Janus Reactors with Highly Efficient Enzymatic CO2 Nanocascade at Air–Liquid Interface

• Published in: ACS applied materials & interfaces Vol. 9; no. 49; pp. 42806 - 42815
• Main Authors: Gao, Song, Mohammad, Munirah, Yang, Hao-Cheng, Xu, Jia, Liang, Kang, Hou, Jingwei, Chen, Vicki
• Format: Journal Article
• Language: English
• Published: United States American Chemical Society 13.12.2017; American Chemical Society (ACS)
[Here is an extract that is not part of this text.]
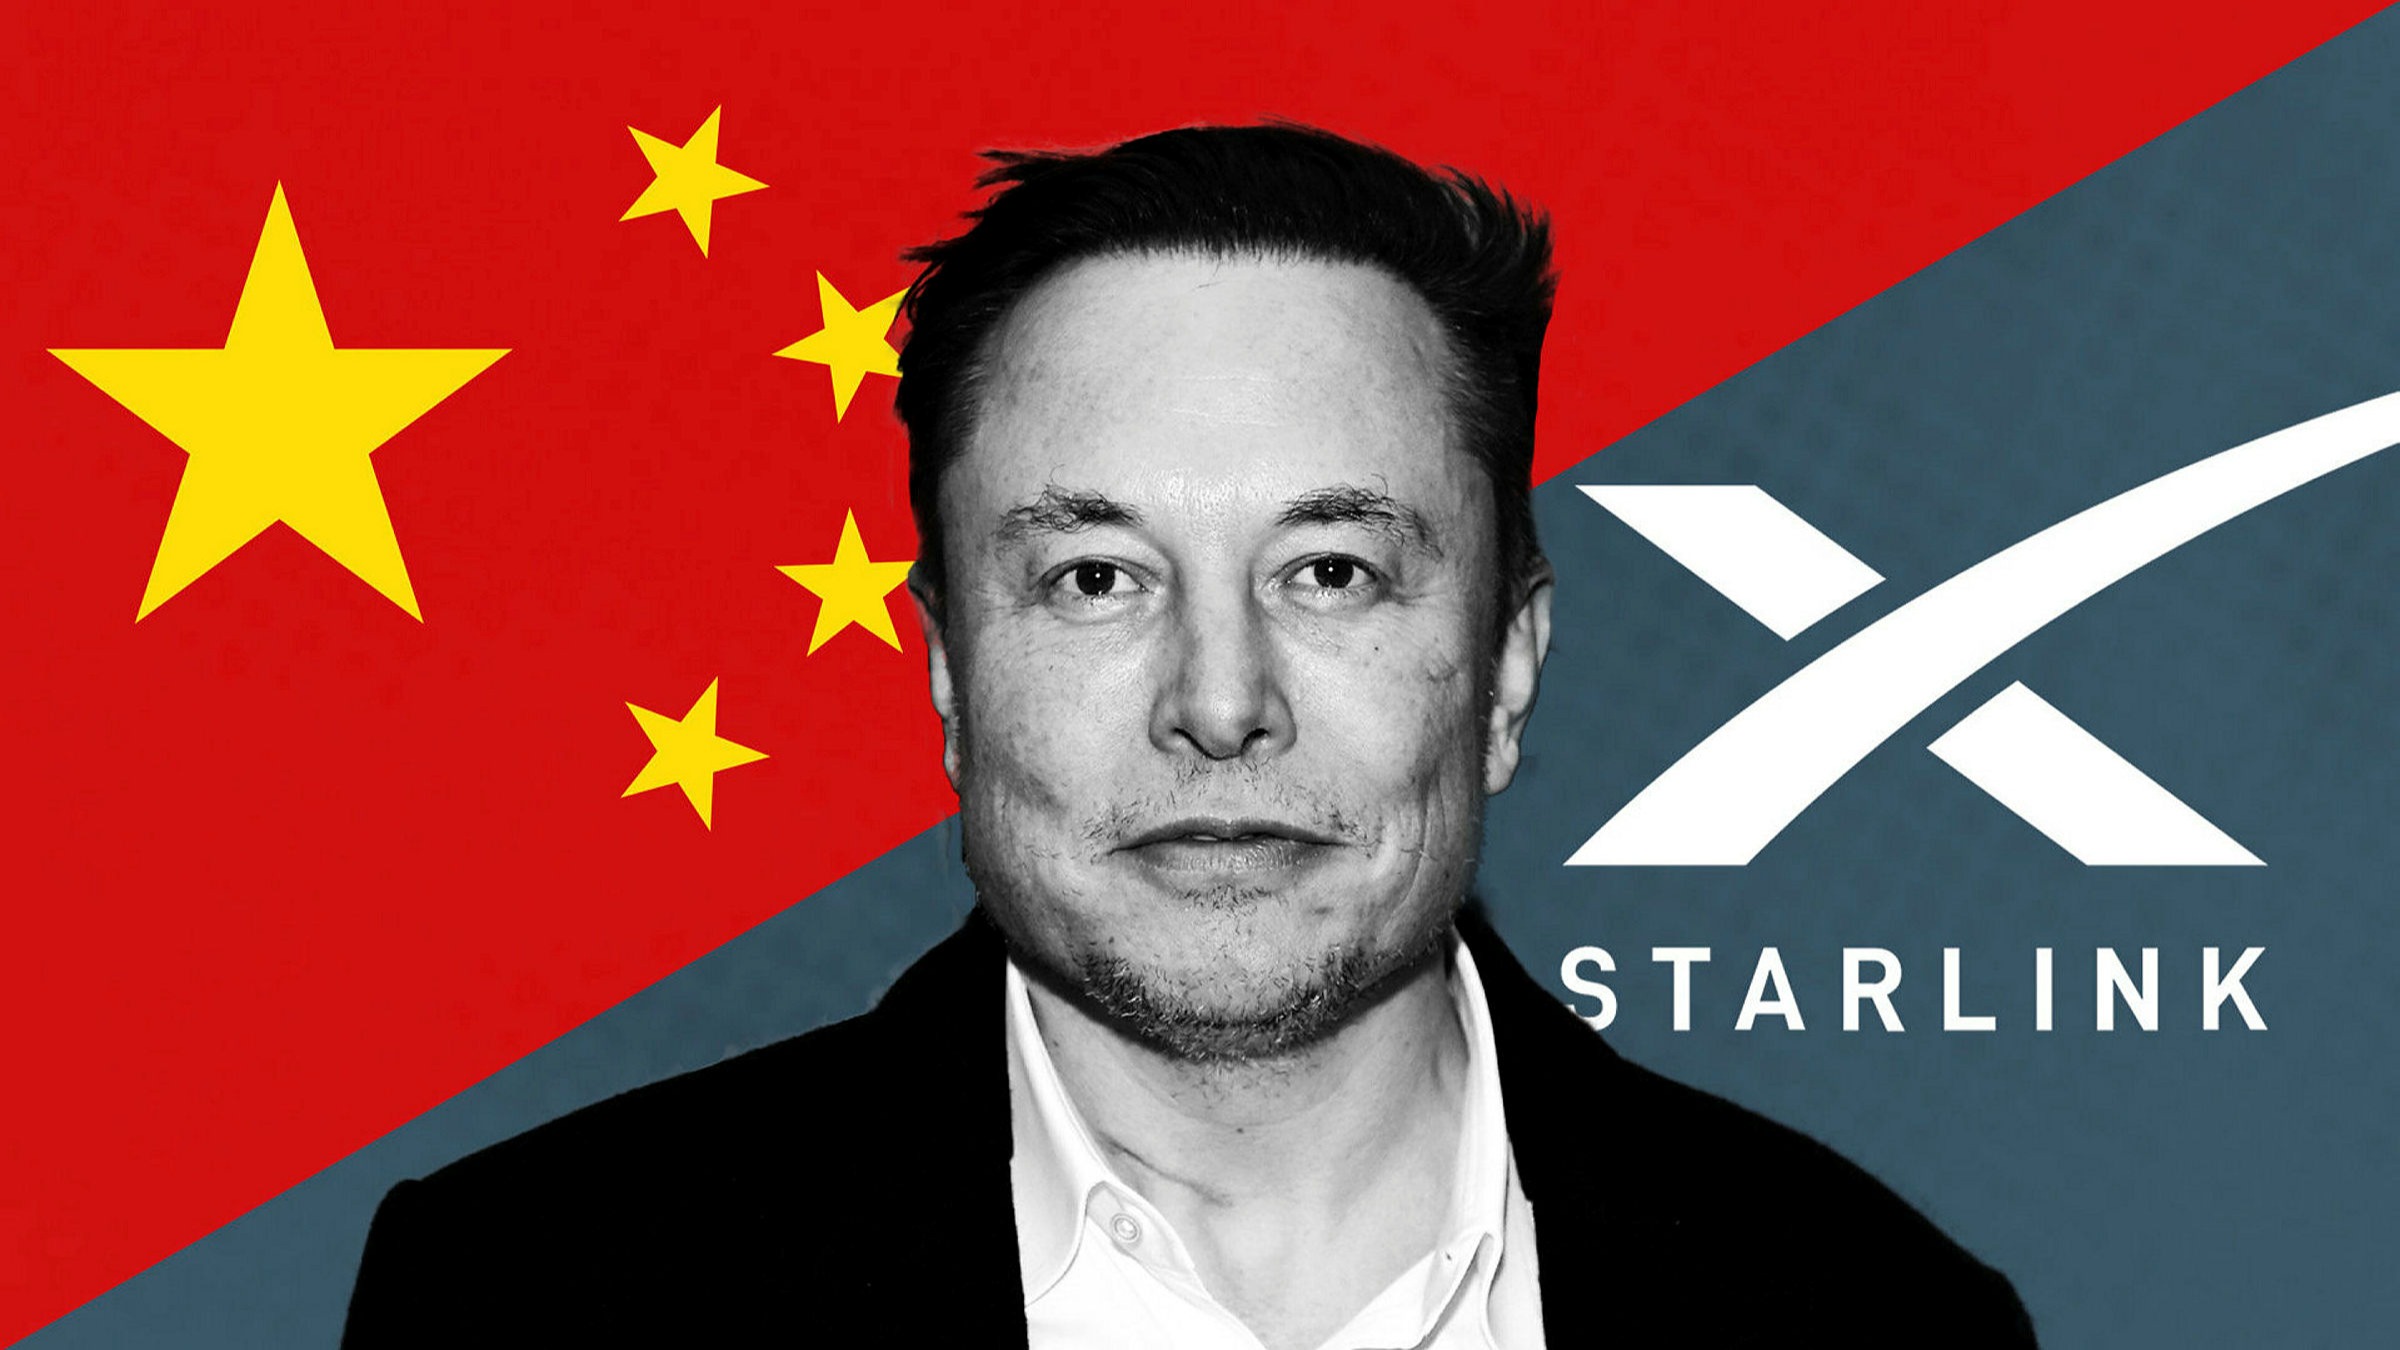 Elon Musk and Star link

• Subjects: carbon dioxide; carbonate dehydratase; carbonic anhydrase; catalytic activity; cell membranes; CO2 reduction; energy; enzymatic cascade; formate dehydrogenase; formic acid; INORGANIC, ORGANIC, PHYSICAL, AND ANALYTICAL CHEMISTRY; Janus membrane; lipids; materials science; multiphase catalytic reaction; carbonic anhydrase; enzymatic cascade; formate dehydrogenase; multiphase catalytic reaction; CO2 reduction; Janus membrane
• ISSN: 1944-8244; 1944-8252; 1944-8252
• DOI: 10.1021/acsami.7b14465

Though enzymatic cascade reactors have been the subject of intense research over the past few years, their application is still limited by the complicated fabrication protocols, unsatisfactory stability and lack of effective reactor designs. In addition, the spatial positioning of the cascade reactor has so far not been investigated, which is of significant importance for biphase catalytic reaction systems. Inspired by the Janus properties of the lipid cellular membrane, here we show a highly efficient Janus gas–liquid reactor for CO2 hydration and conversion. Within the Janus reactor, nanocascades containing the nanoscale compartmentalized carbonic anhydrase and formic dehydrogenase were positioned at a well-defined gas–liquid interface, with a high substrate concentration gradient. The Janus reactor exhibited 2.5 times higher CO2 hydration efficiency compared with the conventional gas–liquid contactor with pristine membranes, and the formic acid conversion rate can reach approximately 90%. Through this work, we provide evidence that the spatial arrangement of the nanocascade is also crucial to efficient reactions, and the Janus reactor can be a promising candidate for the biphase catalytic reactions in environmental, biological and energy aspects.